— THE TASK —
Your copy should match the listing below exactly, except that it holds no images.
[[ GIVEN INFORMATION open ]]
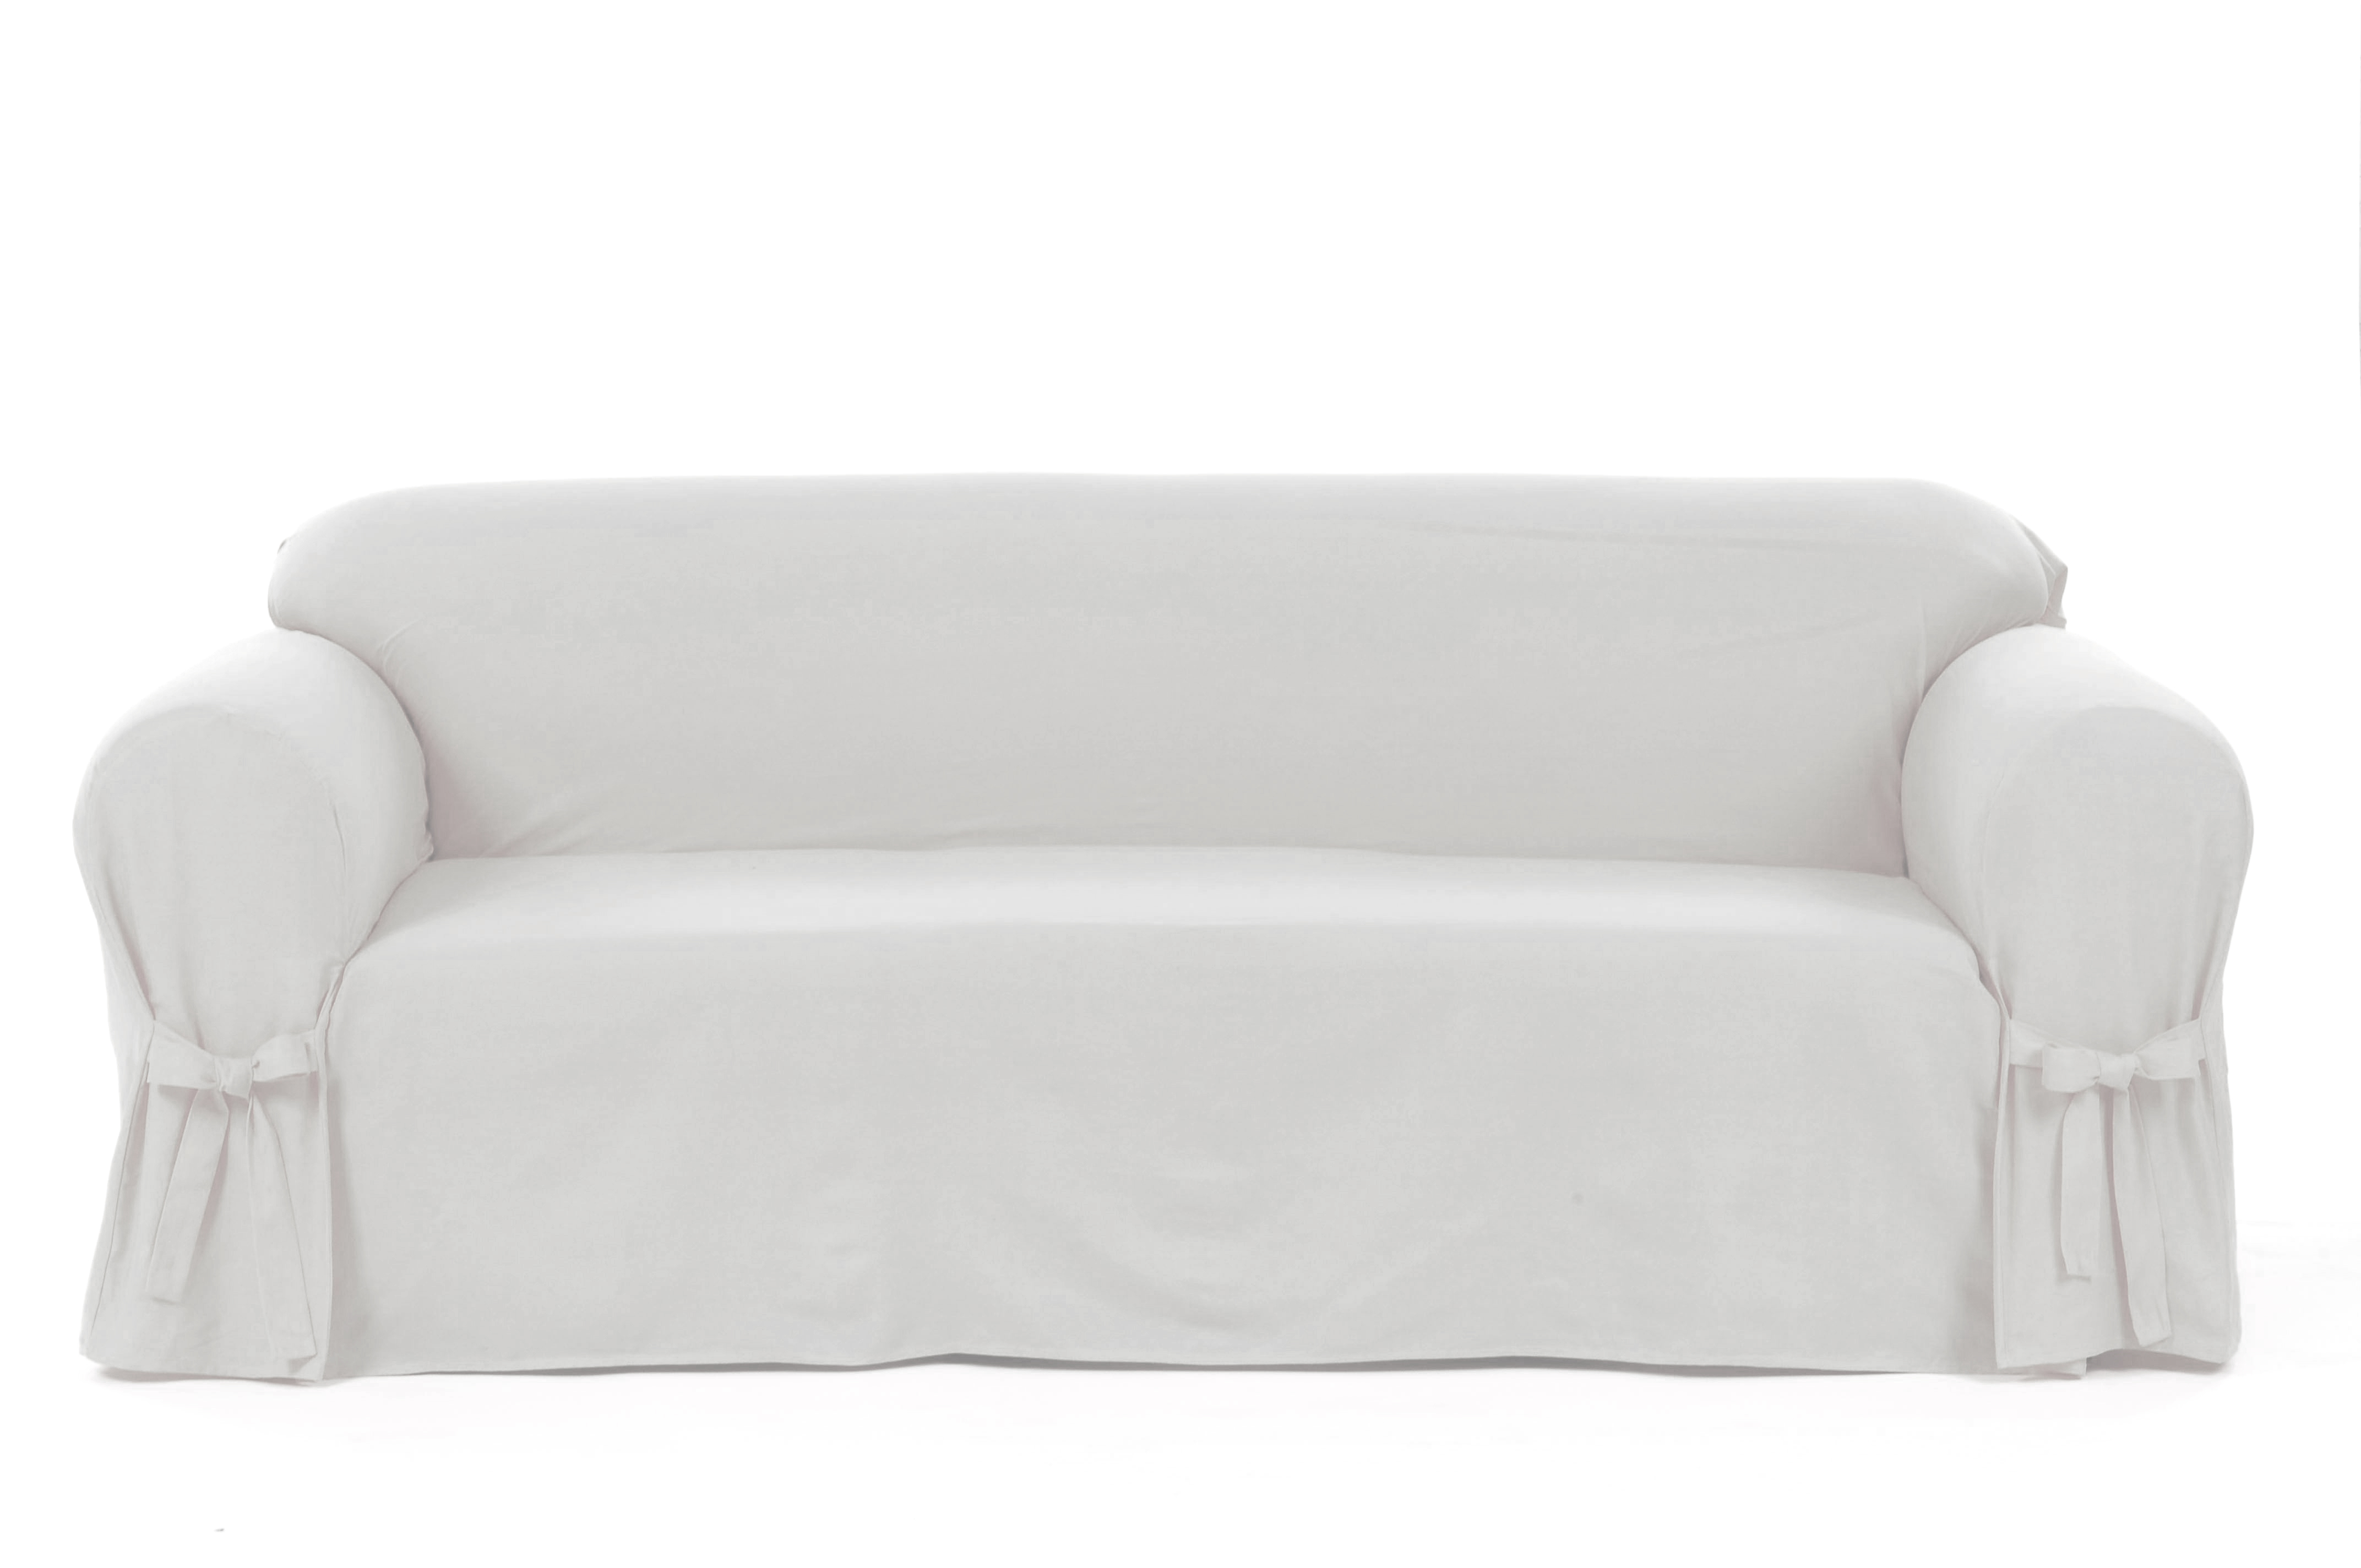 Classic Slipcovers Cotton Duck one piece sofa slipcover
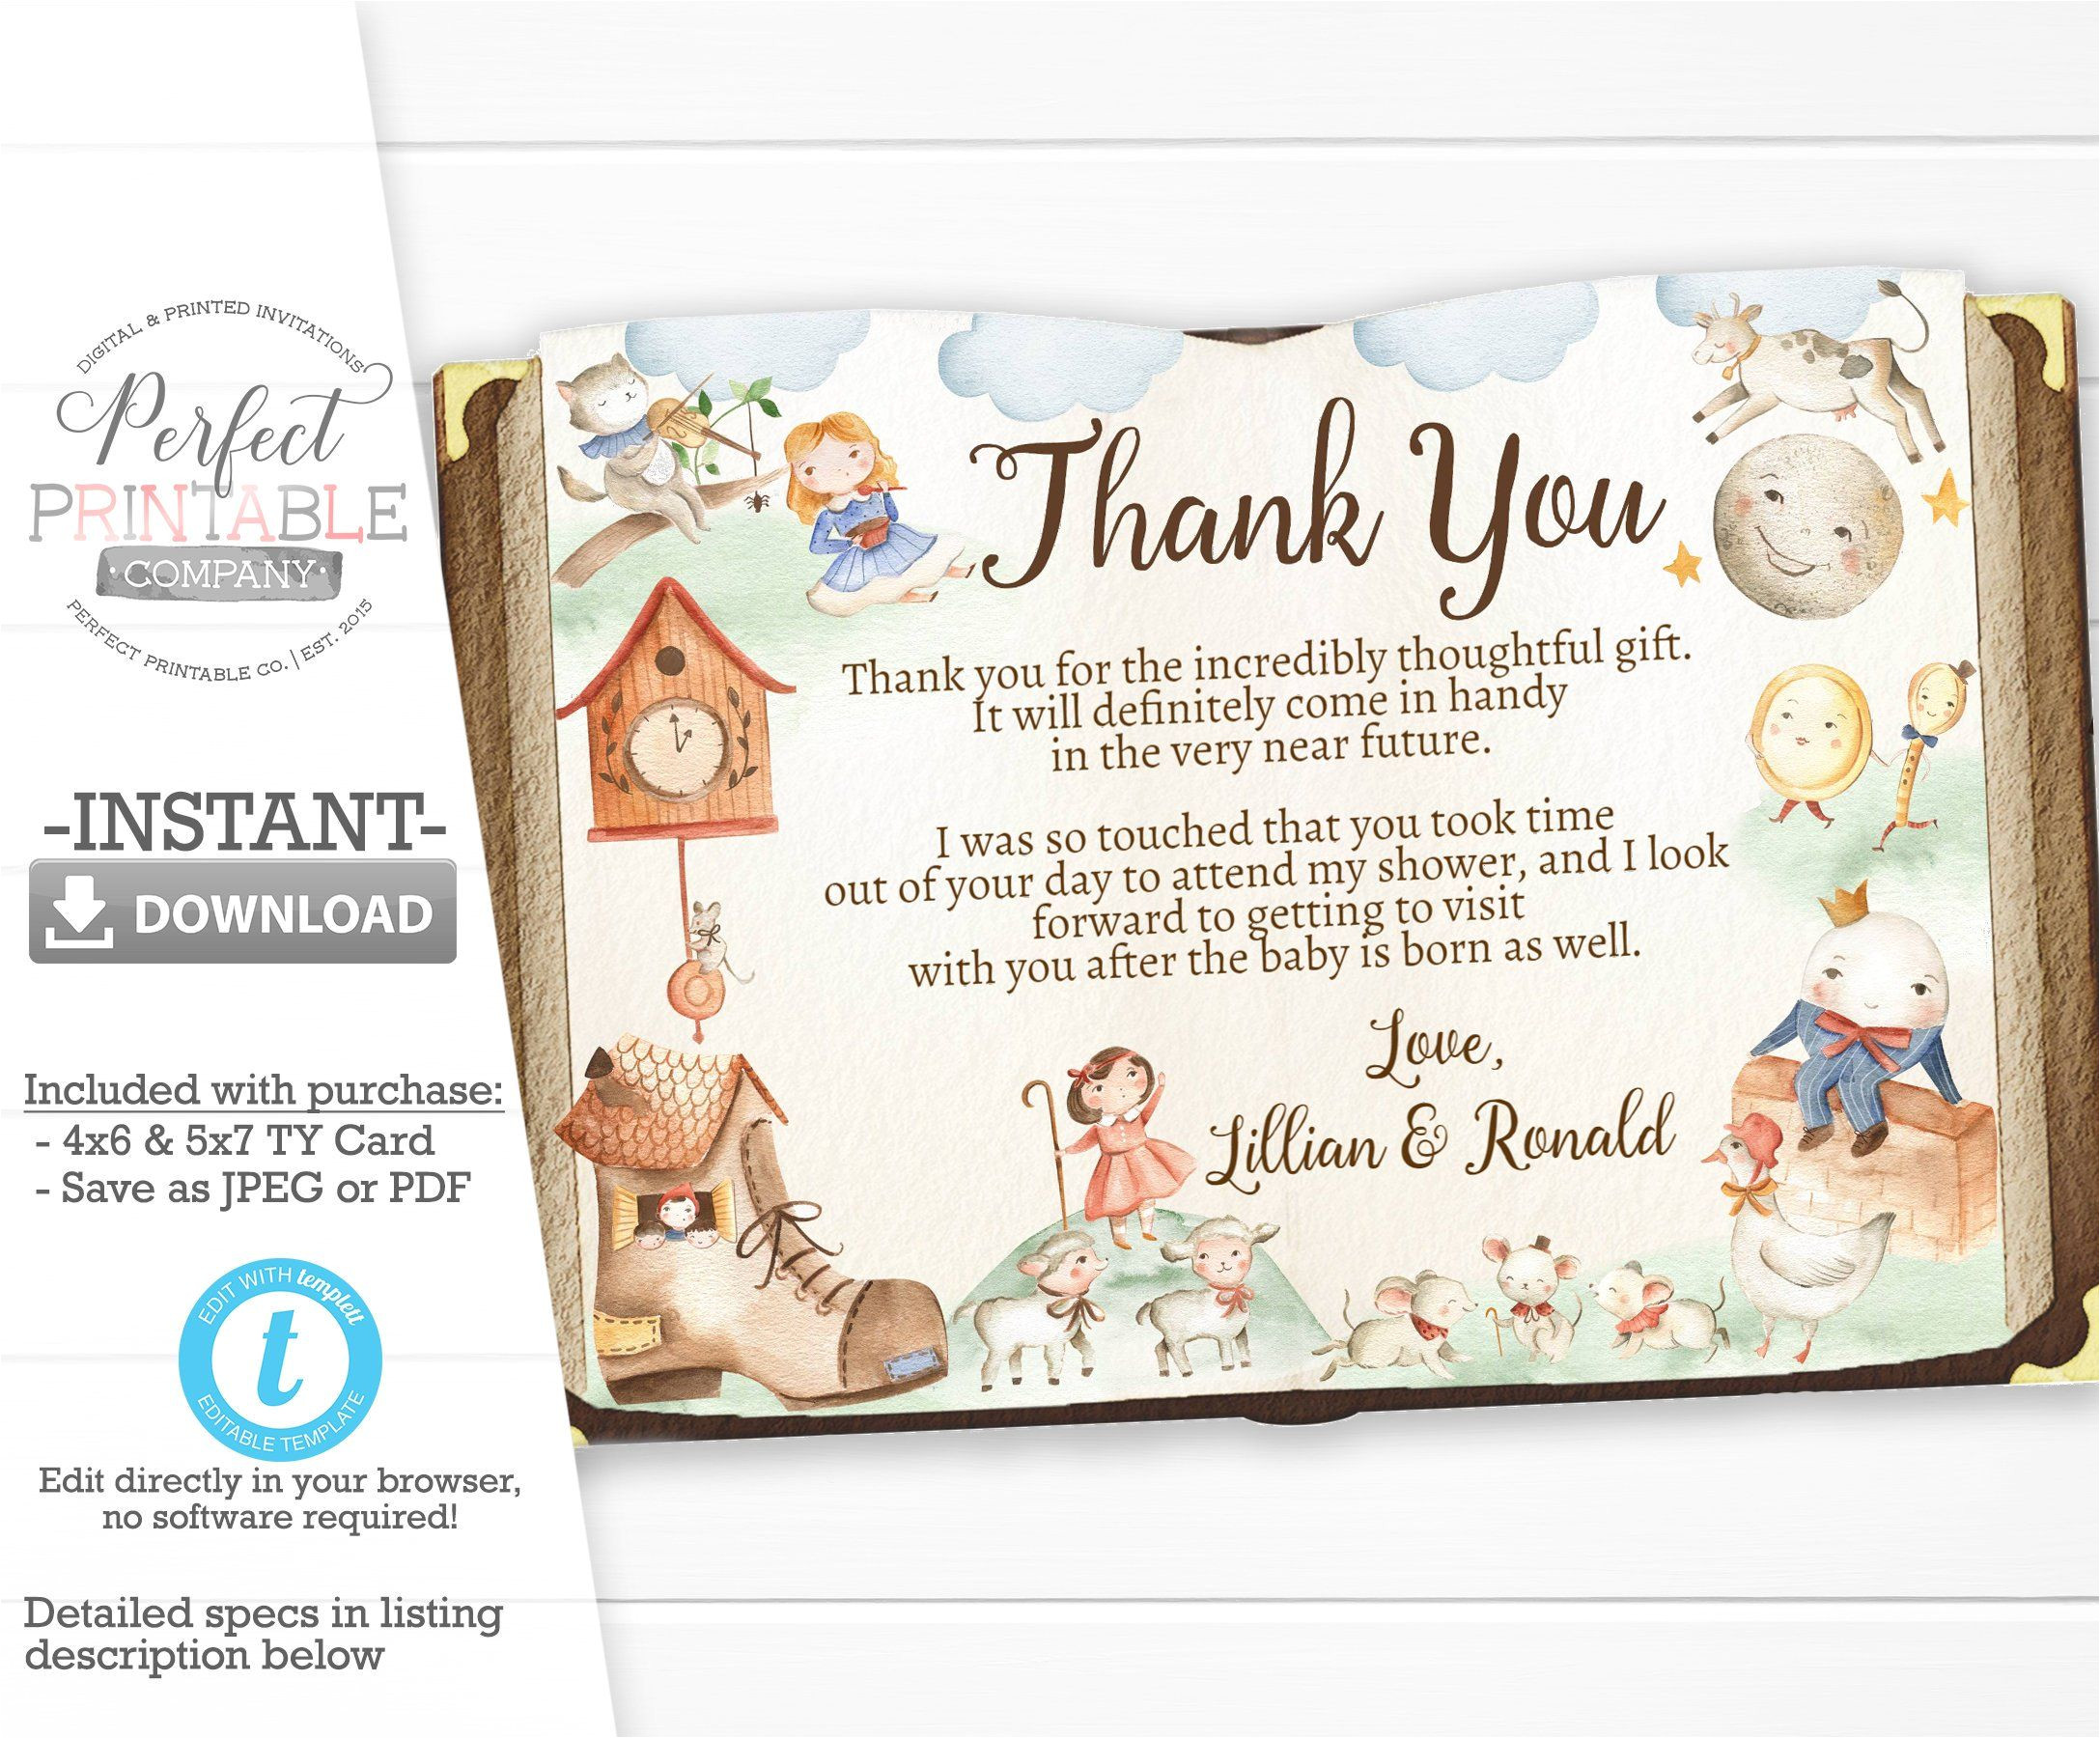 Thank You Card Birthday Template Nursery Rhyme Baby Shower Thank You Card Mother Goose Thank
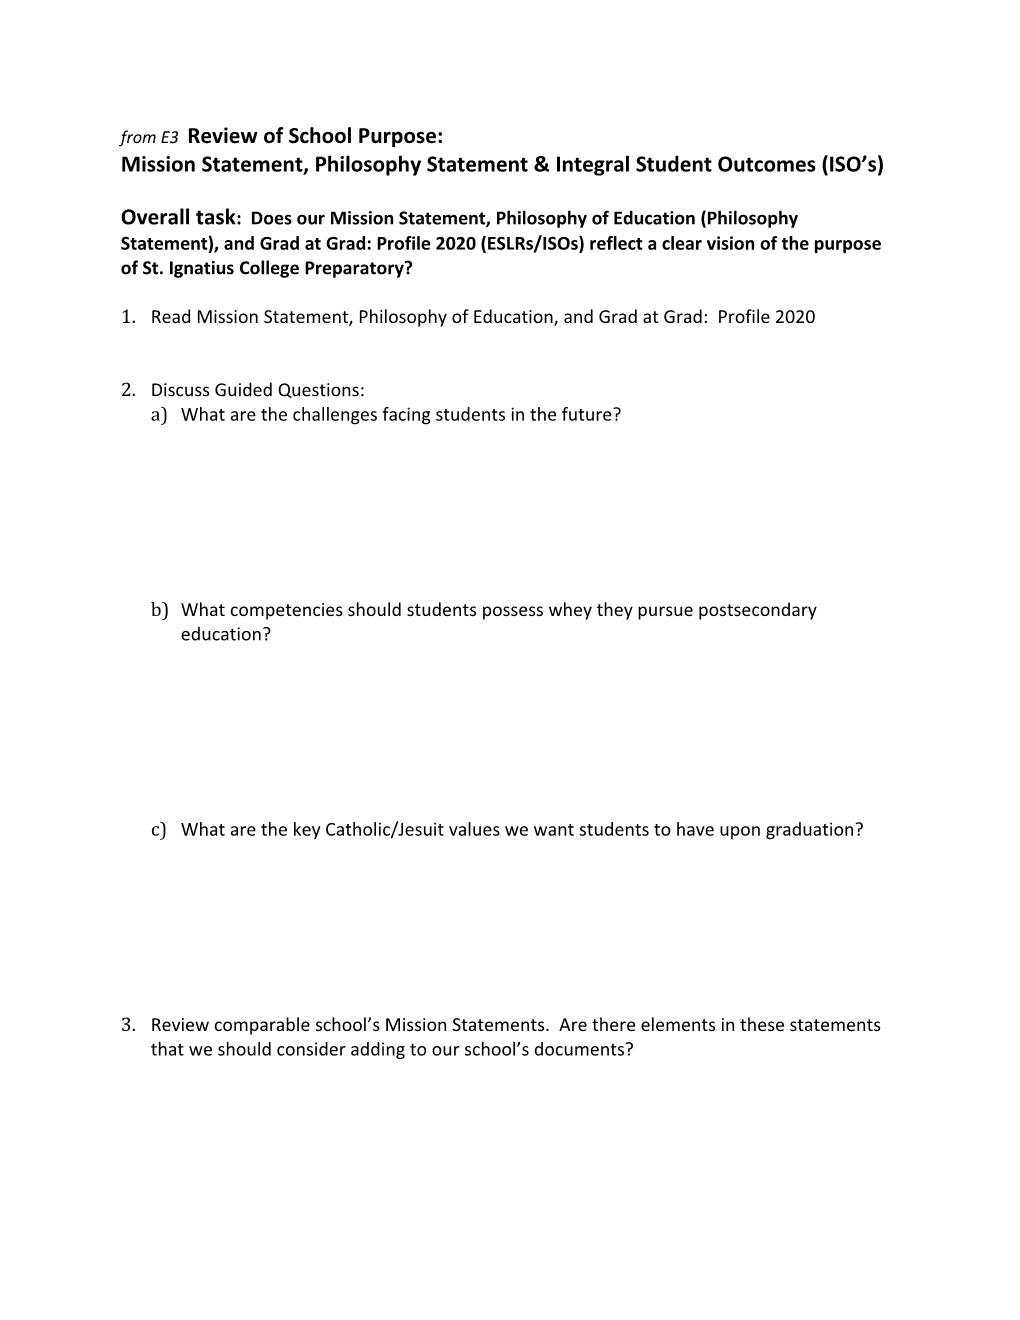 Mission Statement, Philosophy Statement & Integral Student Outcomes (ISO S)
[[ GIVEN INFORMATION closed ]]
— REPLY —
 Classic Slipcovers Cotton Duck one piece sofa slipcover
 Thank You Card Birthday Template Nursery Rhyme Baby Shower Thank You Card Mother Goose Thank
 Mission Statement, Philosophy Statement & Integral Student Outcomes (ISO S)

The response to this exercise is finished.